If you get a strange notification on your phone or television Wednesday afternoon, you do not need to be alarmed.
It’s just a test, but don’t try to opt out of receiving it — there’s no way to stop the alert from popping up on your phone or television screen.
FEMA and the FCC will conduct a nationwide test of its emergency alert system at 2:18 p.m. Oct. 3, according to a news release from James City County.
The test comes in two different formats: the Wireless Emergency Alert and the Emergency Alert System. It’s intended to test the operational readiness of the infrastructure that distributes the national message, and determine whether improvements need to be made.
The WEA test, which is the first test of its kind, has a header that reads “Presidential Alert” and text that says: “THIS IS A TEST of the National Wireless Emergency Alert System. No action is needed.”
Cellphone users cannot opt out of the test, which uses the same special tone and vibration as AMBER alerts and tornado warnings. Cellular towers will broadcast the alert for about 30 minutes.

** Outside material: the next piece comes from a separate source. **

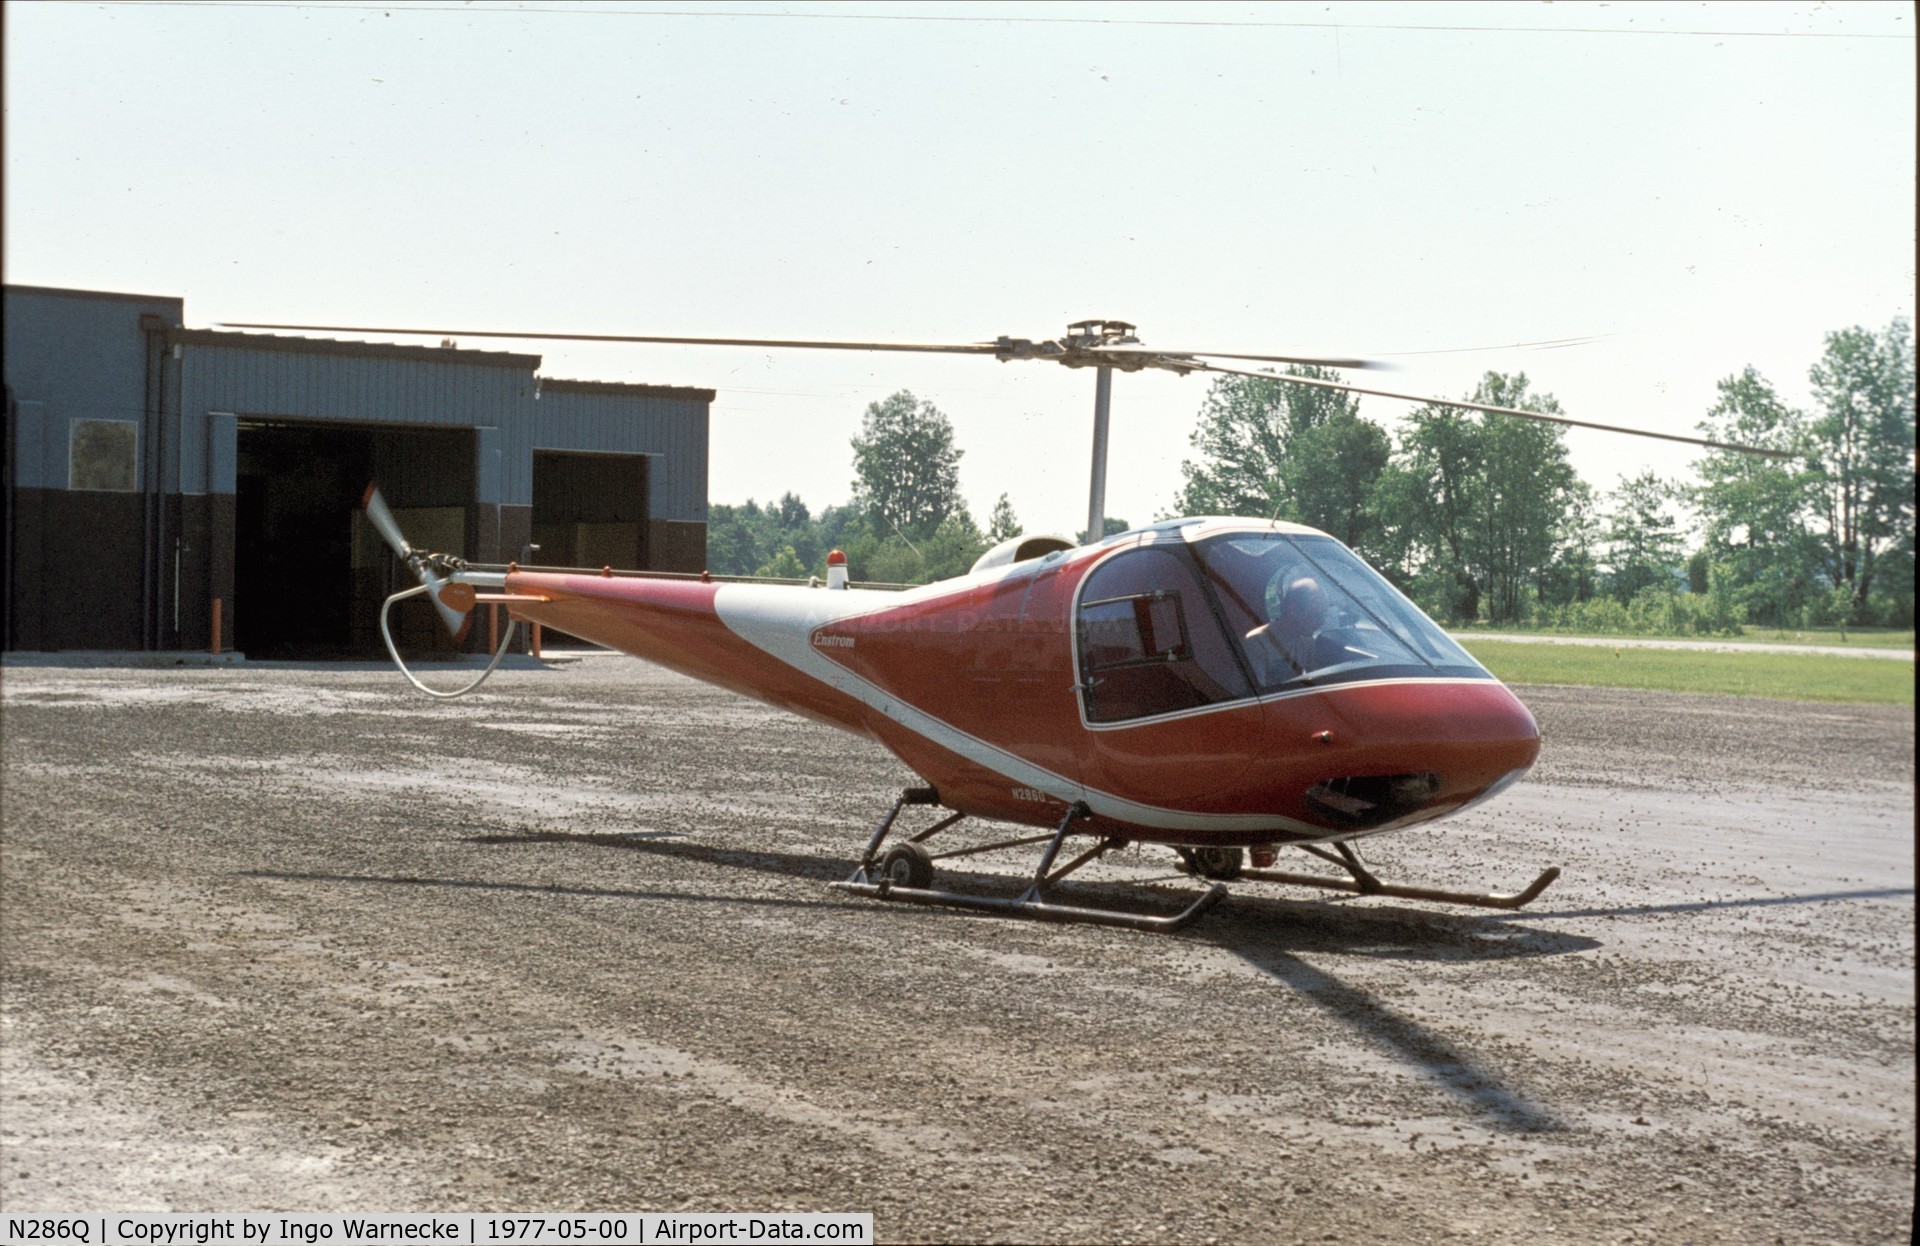 N286Q, 1975 Enstrom F-28A C/N 300, Enstrom F-28A at a small airfield in Indianapolis
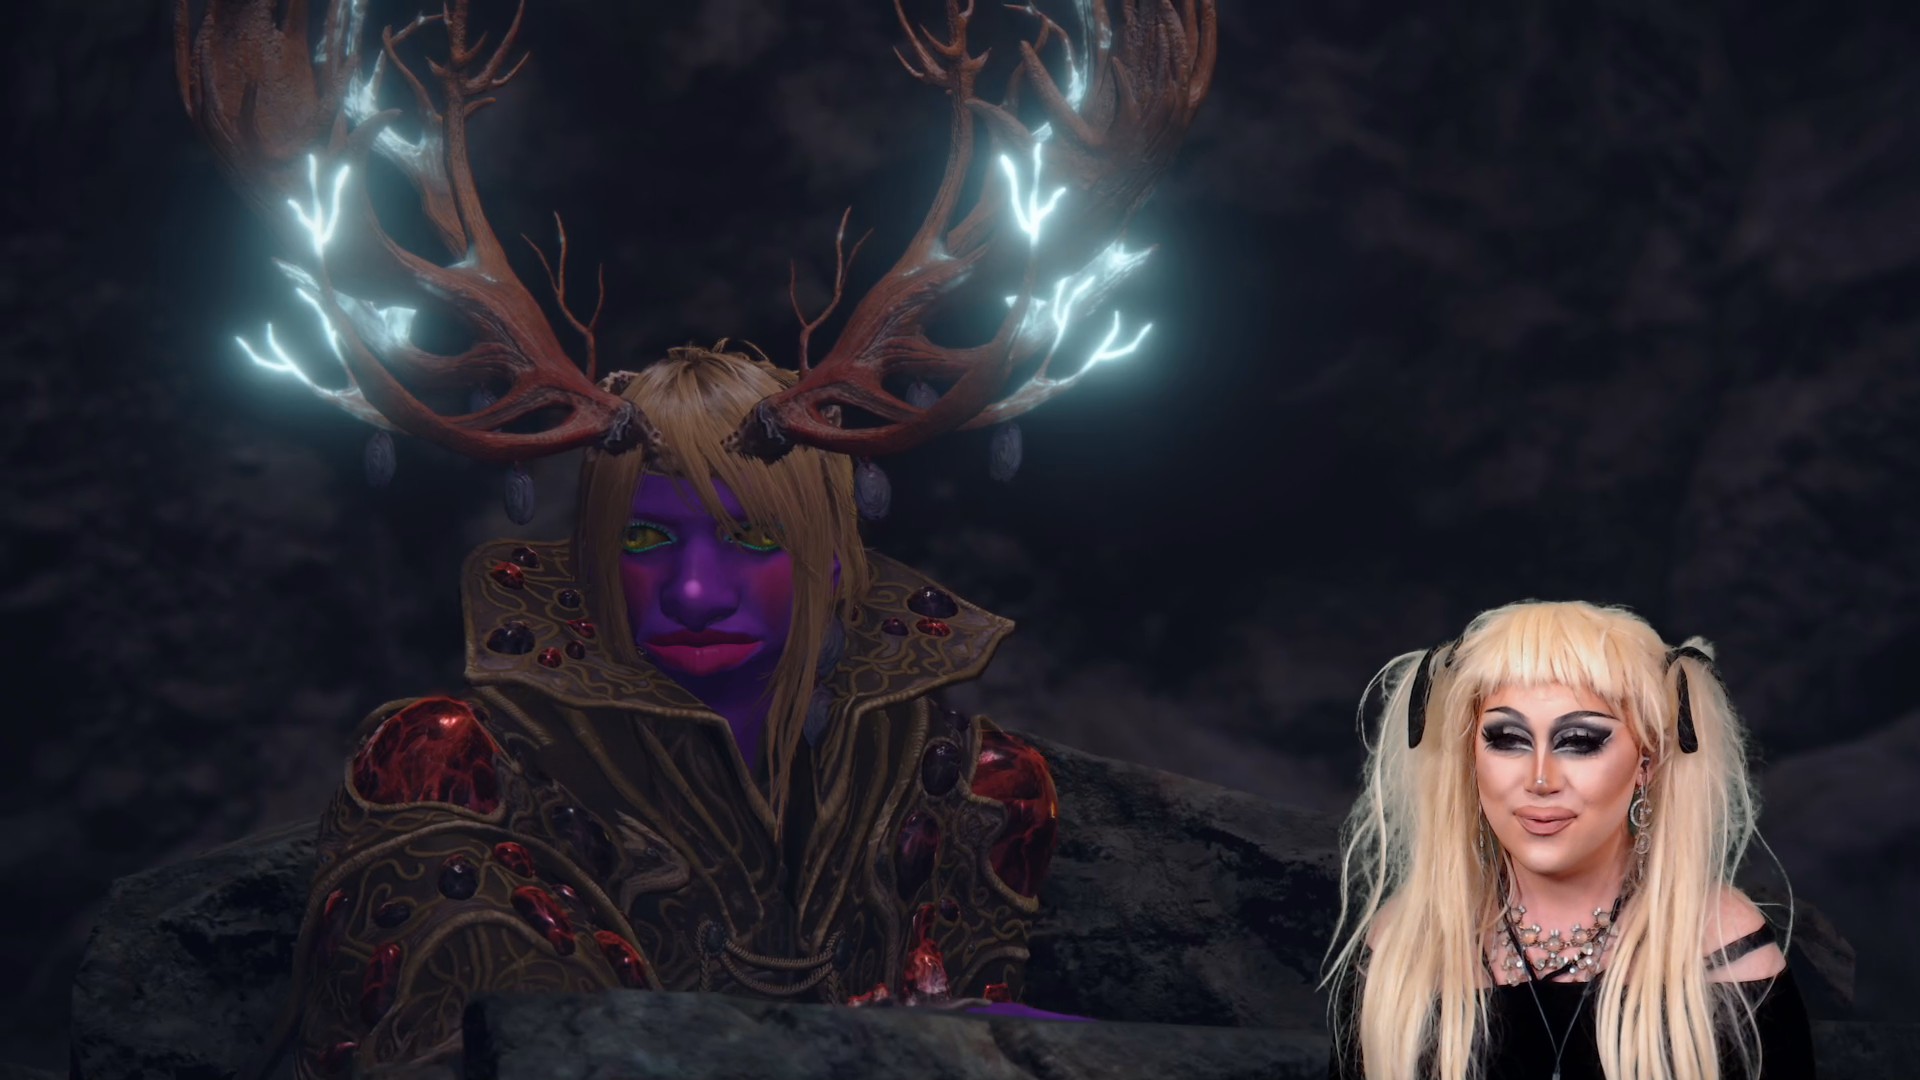 Forget Elden Lord, this Elden Ring streamer is the self-proclaimed Bimbo Mage of the Lands Between

The WEA alert will reach any cellphone that is connected to a wireless provider participating in the test, switched on and within active range of a cell tower.
Real emergencies that can prompt a WEA message include AMBER alerts, extreme weather, other localized threats and Presidential Alerts during a national emergency.
The EAS alert is broadcast radio and television broadcasters, cable systems, satellite radio and television providers, and wireline video providers. It is similar to monthly tests of the system the public is accustomed to hearing.
The alert will read the following information: “THIS IS A TEST of the National Emergency Alert System. This system was developed by broadcast and cable operators in voluntary cooperation with the Federal Emergency Management Agency, the Federal Communications Commission, and local authorities to keep you informed in the event of an emergency. If this had been an actual emergency an official message would have followed the tone alert you heard at the start of this message. A similar wireless emergency alert test message has been sent to all cellphones nationwide. Some cellphones will receive the message; others will not. No action is required.”
The EAS alert has been tested three times in previous years, in November 2011, September 2016 and September 2017.
The EAS and WEA test was originally scheduled for Sept. 20, but was rescheduled because of ongoing recovery efforts after Hurricane Florence.